The patients not receiving CGA had similar age, cancer diagnoses, and gender as the patients receiving CGA. Patients not appearing for CGA lived at the same distance from hospital.

Frailty status of older cancer patients

Baseline characteristics of patients receiving CGA are shown in Table 1. Mean duration of CGA was 51 (95% CI: 49; 53) min and additional 5–10 min for calculating the CIRS-G score. Median age was 75 years (IQR: 72–80, range: 70–88). Gender was equally distributed in the CGA groups. Most patients had the LC diagnose. Of the 217 patients undergoing CGA, only 13% were fit and more than half of patients were frail. There was no difference in age in the CGA groups. Comparison of baseline characteristics’ distribution among the CGA groups is shown in Table 1.

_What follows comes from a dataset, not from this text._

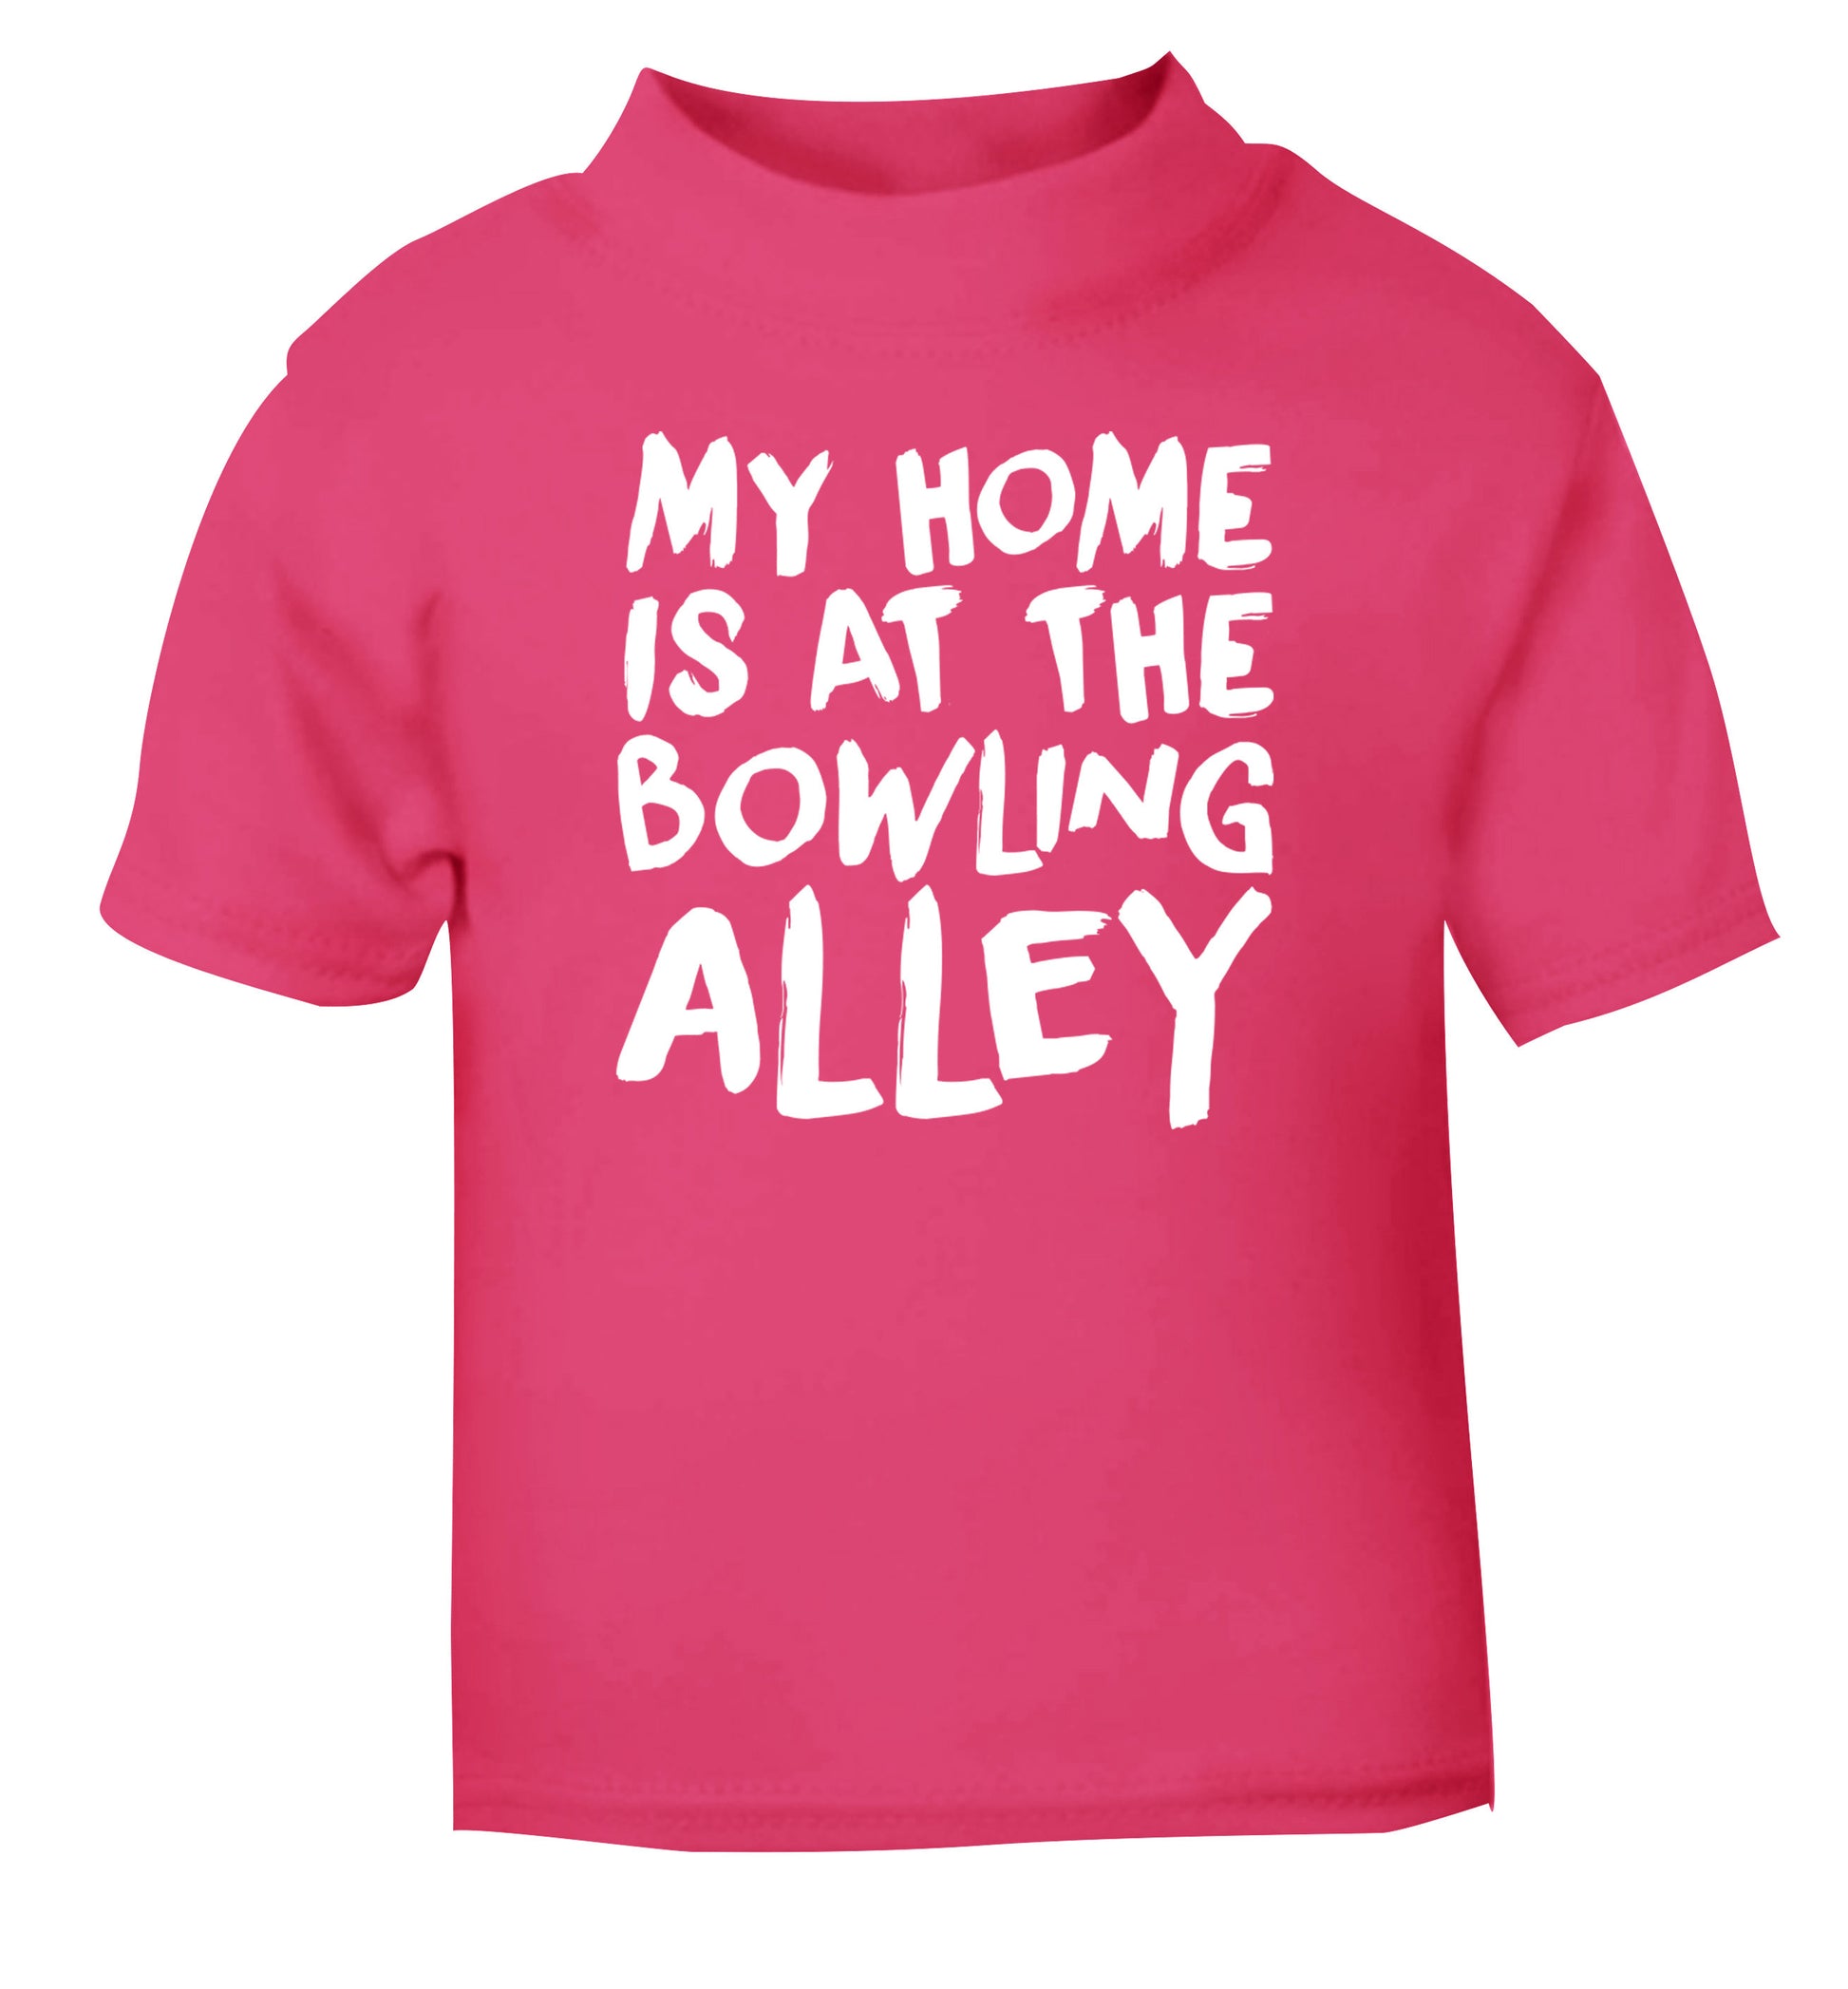 My home is at the bowling alley pink Baby Toddler Tshirt 2 Years

Table 1. Baseline characteristics of patients receiving CGA in the total population and in relation to the CGA classification ‘fit’, ‘vulnerable’, and ‘frail’.

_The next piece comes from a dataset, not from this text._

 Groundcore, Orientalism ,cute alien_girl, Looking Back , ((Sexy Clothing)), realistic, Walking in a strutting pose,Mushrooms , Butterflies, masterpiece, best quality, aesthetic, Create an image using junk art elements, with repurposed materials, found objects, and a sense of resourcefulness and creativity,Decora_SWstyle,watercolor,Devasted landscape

	Total N = 217	Fit n = 28 (13%)	Vulnerable n = 76 (35%)	Frail n = 113 (52%)
Age, years
Median (IQR)	75 (72–80)	73 (72–76)	76 (73–80)	75 (73–80)
Range	70–93	70–87	70–90	70–93
Gender
Male, n (%)	115 (53)	12 (43)	42 (55)	61 (54)
Cancer type, n (%)
Head and Neck	14 (6)	4 (14)	4 (5)	6 (5)
Lung	93 (43)	6 (22)	28 (37)	59 (52)
UPGI	33 (15)	2 (7)	14 (18)	17 (15)
CRC	77 (36)	16 (57)	30 (40)	31 (28)*
Dissemination of cancer, n (%)
Metastatic disease**	89 (41)	4 (14)	32 (42)	53 (47)*
CGA domains
Cumulated CIRS-G-score, mean (SD)	9 (±4.2)	4 (3;4)	7 (6;7)	11(11;12)*
No. of affected organ systems, mean (SD)	5 (±2.0)	3 (2;4)	4 (2–5)	6 (5;6)*
No. of daily medications, median (IQR)	5 (3–8)	2 (2–3)	4 (3;4)	7 (5–9)*
Independent in ADL, n (%),	198 (91)	28 (100)	76 (100)	94 (85)*
Independent in IADL, n (%)	151 (70)	28 (100)	63 (83)	60 (54)*
Normal GDS-15, n (%)	159 (73)	28 (100)	74 (97)	57 (53)*
Cognitively intact, n (%)	192 (88)	28 (100)	72 (95)	92 (85)*
Well nourished, n (%)	108 (50)	28 (100)	42 (63)	32 (15)*
Social situation, n (%)
Living alone	72 (33)	8 (29)	23 (30)	41 (36)
Living conditions, n (%)
Independent housing	209 (97)	28 (100)	75 (99)	106 (94)
Sheltered housing	5 (2)	0	1 (1)	4 (4)
Nursing home	3 (1)	0	0	3 (3)
Home care services, n (%)
Daily use	48 (18)	0	4 (5)	34 (30)*
Daily use of walking aid, n (%)	48 (22)	1 (4)	6 (8)	41 (37)*
Timed Up and Go (sec), median (IQR)	11 (9–13)	9 (8–11)	10 (9–11)	12 (10–16)*
Experience daily pain, n (%)	63 (29)	3 (11)	12 (16)	48 (43)*

CIRS-G: Cumulative Illness Rating Scale-Geriatrics, ADL: Activities of Daily Living, IADL: Instrumental Activities of Daily Living, GDS: Geriatric Depression Scale.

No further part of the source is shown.